Questions fréquentes
Le play to earn vaut-il encore la peine d'en commencer en 2026?
Seulement si vous appréciez le jeu d'abord et considérez les gains comme une ristourne sur votre temps. Les deux titres que je joue encore rapportent en moyenne 1,80 à 2,40 euros de l'heure après frais, ce qui est inférieur aux microtâches couvertes sur le hub Freelance. Si le plaisir n'est pas au rendez-vous, le rendement seul ne justifiera pas le grind.
Qu'est-ce qui a tué la plupart des jeux play to earn entre 2022 et 2026?
Les calendriers d'émission de tokens qui payaient les premiers utilisateurs avec les frais d'entrée des utilisateurs suivants. Une fois que la croissance des nouveaux joueurs a ralenti, le cours du token s'est effondré et la boucle de récompenses s'est brisée. Les deux survivants se sont éloignés de ce modèle pour se tourner vers les cosmétiques, le partage des frais sur les marketplaces et les monnaies à offre plafonnée.

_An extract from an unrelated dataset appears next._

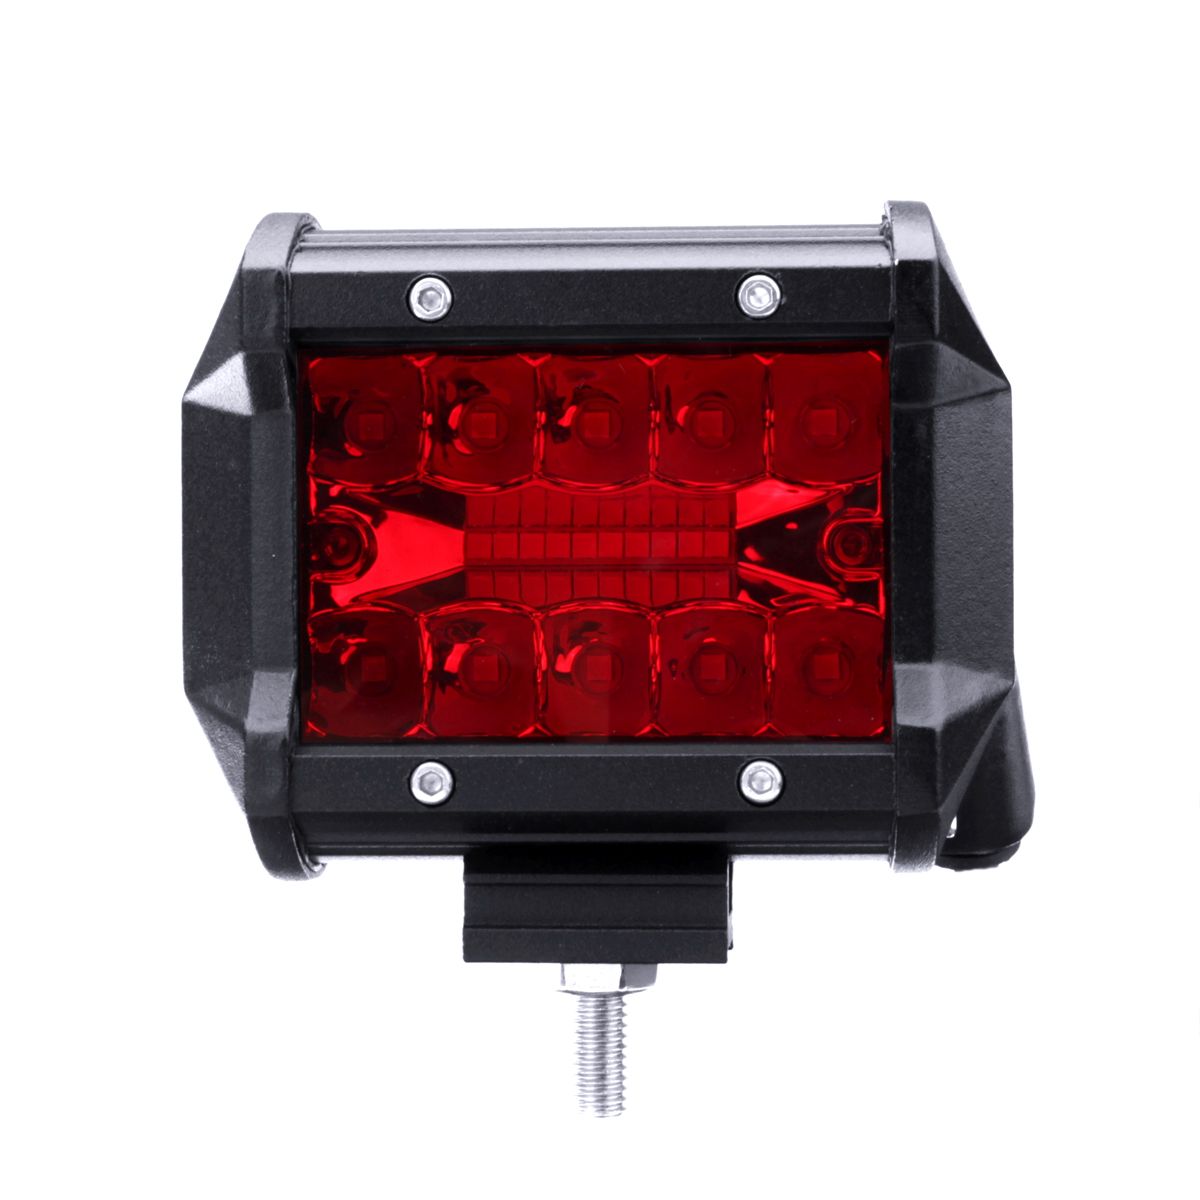 Pair-Red-4Inch-Tri-Row-60W-20-LED-Work-Light-Bar-Flood-Spot-Combo-Lamp-for-Car-Offroad-SUV-1330812

Combien avez-vous réellement retiré ?
Sur les deux titres que j'aborde ici, 1 120 euros nets au cours des 12 derniers mois, gas et frais de marketplace déduits. C'est après un exercice comptable complet. Le meilleur trimestre a été de 410 euros, le pire de 180 euros. Rien de révolutionnaire, mais positif et reproductible.